I also bought a pre-packed pound of Sauermlz to have around for when I decided to get a better handle on my mash ph.

I crushed the pale and vienna and reached for the bag of crystal malt thinking, "I'm just gonna go with the whole pound (it's pre-packaged that way and my scale was in the house). So in it goes.

I'm halfway through boil and I go to my bench and see a one pound bag of crystal malt...what, huh?

Yup, I threw in a pound of Sauermalz instead of crystal malt.:smack::smack::smack:

Been in the fermenter at 68 degrees for 10 days. I'll transfer it to a keg and crash it this weekend. Hope is it isn't too sour/bad.

Guess I'll pay better attention next time...or post it as a new recipe :cool:
 
Just brewed this last week for the first time. Hit my OG of 1.050 and fermenting started 24 hours later and stopped the next day. Took my final gravity of 1.008, had to taste my sample of course, and its amazing.

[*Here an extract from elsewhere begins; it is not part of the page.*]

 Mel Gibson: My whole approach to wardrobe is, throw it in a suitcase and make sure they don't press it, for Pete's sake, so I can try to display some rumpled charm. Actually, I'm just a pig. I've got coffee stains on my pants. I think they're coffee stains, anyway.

Gonna keg in the next 2-3 days can't wait.....
 
How did this turn out??

:pipe:

This recipe looked simple and good.
So I bought all the grains and yeast.
I also bought a pre-packed pound of Sauermlz to have around for when I decided to get a better handle on my mash ph.

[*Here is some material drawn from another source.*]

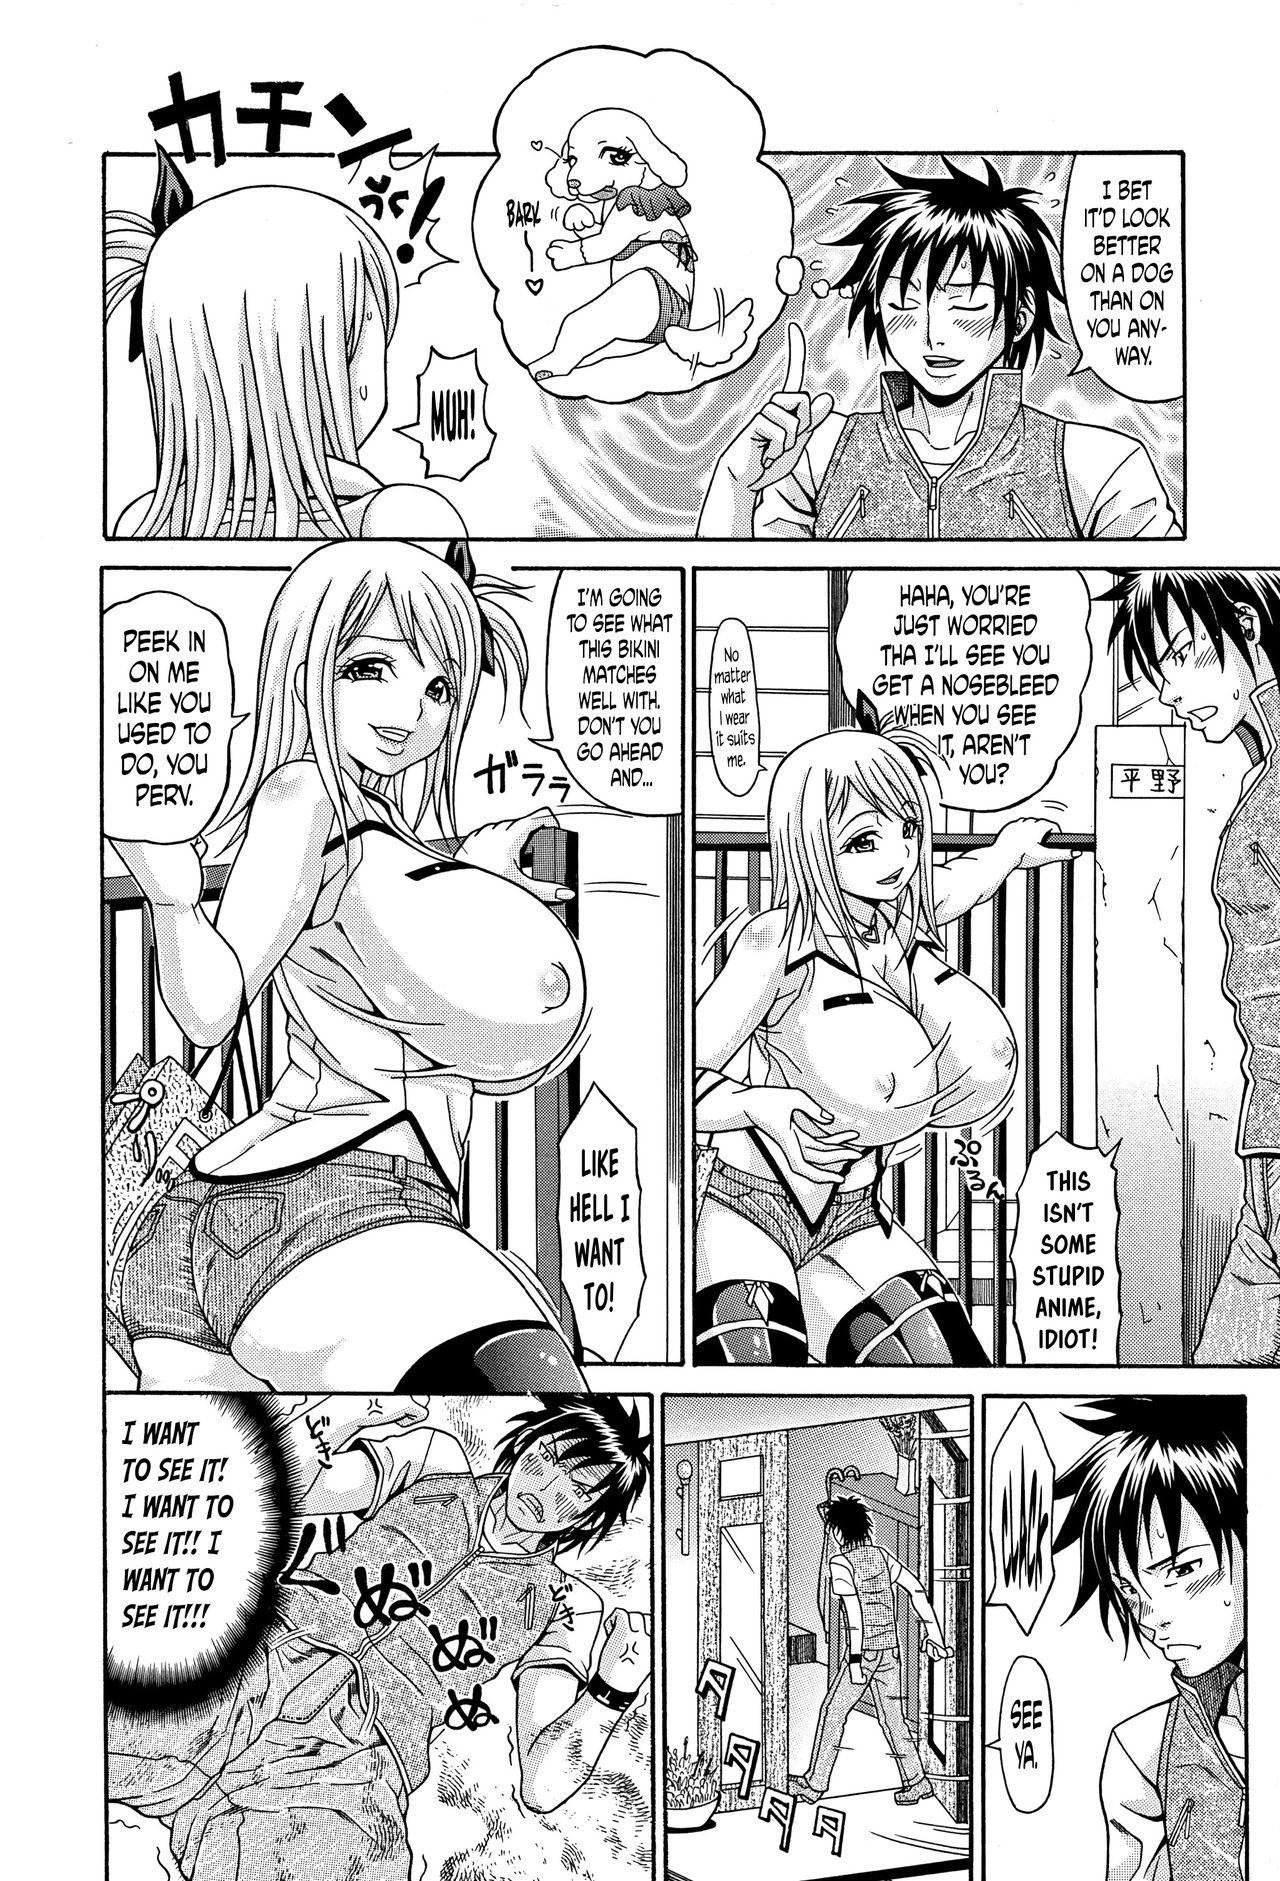 [Andou Hiroyuki] Mamire Chichi - Sticky Tits Feel Hot All Over. Ch.1-3 [English] [doujin-moe.us] 39

I crushed the pale and vienna and reached for the bag of crystal malt thinking, "I'm just gonna go with the whole pound (it's pre-packaged that way and my scale was in the house). So in it goes.

I'm halfway through boil and I go to my bench and see a one pound bag of crystal malt...what, huh?

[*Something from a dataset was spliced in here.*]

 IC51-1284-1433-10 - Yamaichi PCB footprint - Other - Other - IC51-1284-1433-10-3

Yup, I threw in a pound of Sauermalz instead of crystal malt.:smack::smack::smack:

Been in the fermenter at 68 degrees for 10 days. I'll transfer it to a keg and crash it this weekend. Hope is it isn't too sour/bad.

Guess I'll pay better attention next time...or post it as a new recipe :cool:
 
Brewed this again like 3 weeks ago, kegged it last week and sampled some today. It's still not carbed, but has a very, overly bitter, unenjoyable taste to it. Will a couple more weeks in the keg and carbonation solve this issue?
 
Brewed this as my first beer and totally messed it up, but still drank it. Cracked the second attempt this evening... it is wonderful beer. Wife loves it too! Now that I am drinking some excellent home brew, I feel like I am off to the races. Got a few of my kinks worked out and things can only get better from here.

Might have to buy a few more kegs, I do not know if six is going to be enough to keep our keezer stocked!
 
This is going down good today. 60 degrees in Ohio and I'm on my fourth pint. Trying to free up the keg for my next batch :p Grilling some steaks tonight!
 
So I've got on hand Citra, Columbus and Mosaic hops. Going to make this grain bill this week, but wondering which I should use.
 
So I've got on hand Citra, Columbus and Mosaic hops. Going to make this grain bill this week, but wondering which I should use.

Made this yesterday, used all Columbus - adjusted to hit about 42 IBU.

Unfortunately missed my OG, only came in at about 43/44 points, rather than 50.

Not entirely sure what went wrong, BIAB, same process I always use. Almost always hit the numbers. I'm hoping I don't end up with too bitter a beer, considering. Or too watery.

Pitched WY1968, as I had quite a bit of that on hand from a prior batch.